La poitrine d’Amina se souleva. Elle s’effondra sur l’escalier en sanglotant. Appuyé sur la rampe, il la contemplait sans rien dire. Le chagrin de la jeune esclave le rendit heureux sans qu’il sût pourquoi et, quoiqu’il continuât à sourire, il crut qu’il pleurait lui aussi.

Il s’approcha d’elle, l’enlaça délicatement. Il était bien ainsi contre elle, pour songer à des choses qui n’étaient pas définies mais qui les concernaient l’un et l’autre.

— Ma sœur, dit-il.

Après une pause, il répéta :

— Ma sœur.

Elle ne répondit pas, mais elle aussi trouvait bonne cette étreinte fraternelle.

— Tu te rappelles ? reprit Goha… Son pied était petit, petit… Sa main était petite… Oh ! qu’elle était petite… et elle marchait comme ça.
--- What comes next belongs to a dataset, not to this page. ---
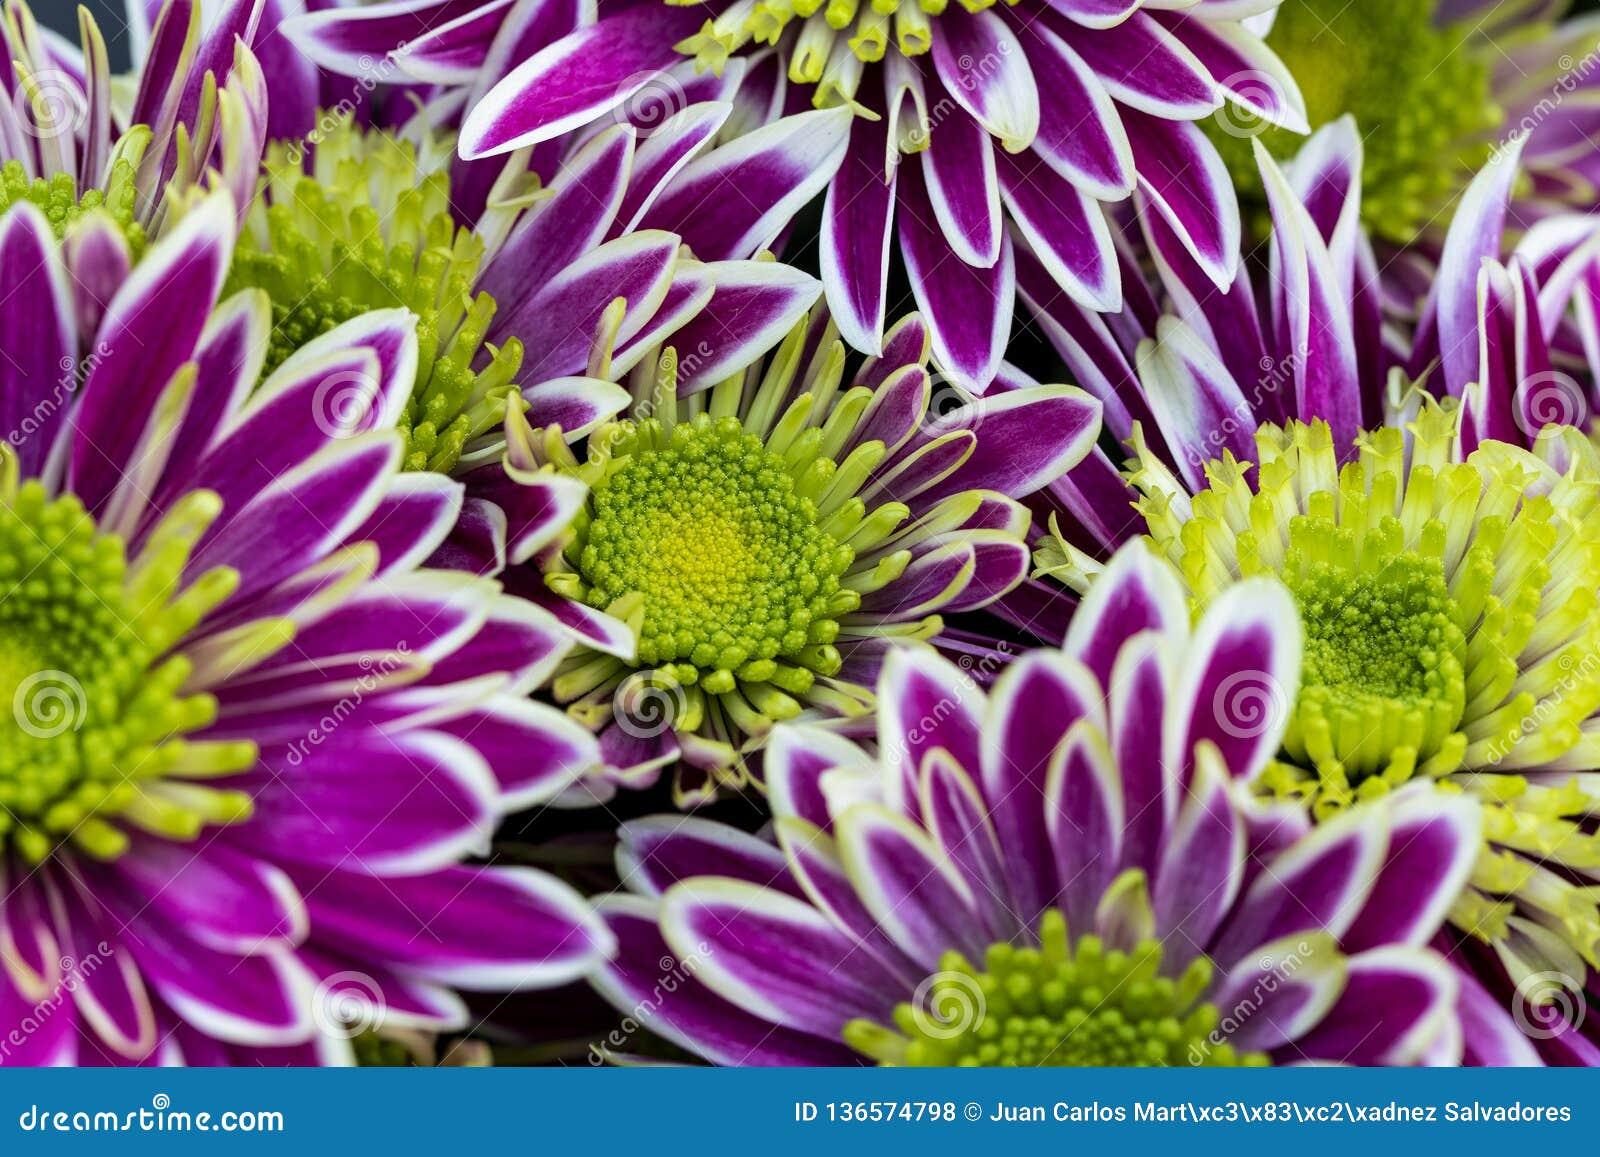 Gemeinsame Chrysanthemum Indicum With Purple And White Flower Stock Photo &JR_02
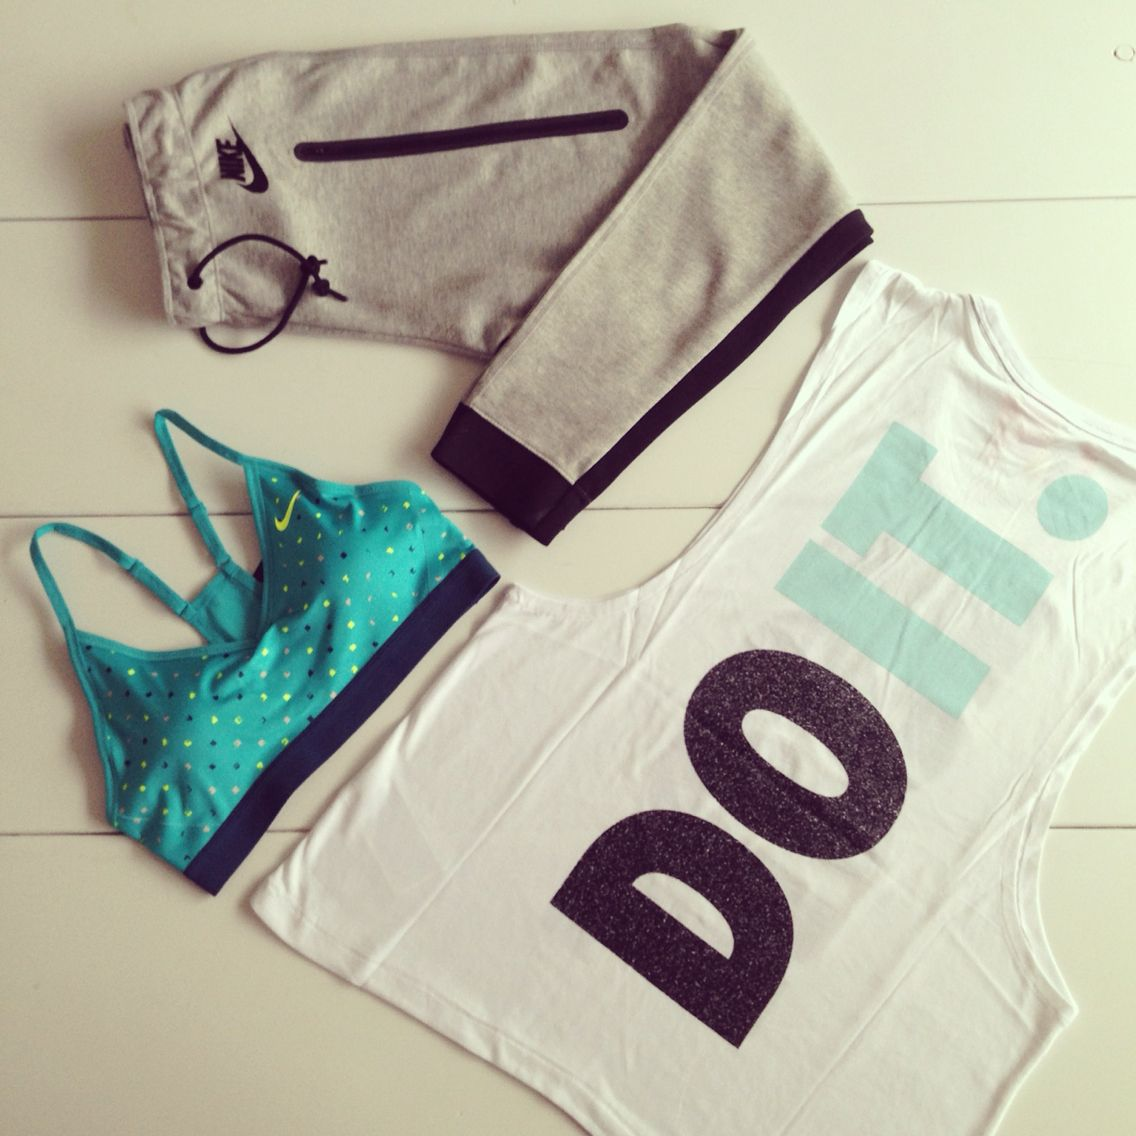 New stuff! #nike #nikewomen #sportswear #gear #turqoise #essentials #training #motivation

Amina l’écoutait en hochant la tête et se serrait mieux contre lui.

— Sa robe était jaune, disait Goha… son âme était grise… Tous les jours je lui portais une cruche d’eau et une pastèque…

Amina lui avait pris la main et la caressait machinalement.

— La première fois, disait Goha, elle voulait me jeter dans la rue, Son front était dur, dur…

Il lui parlait bas et ses lèvres lui effleuraient l’oreille.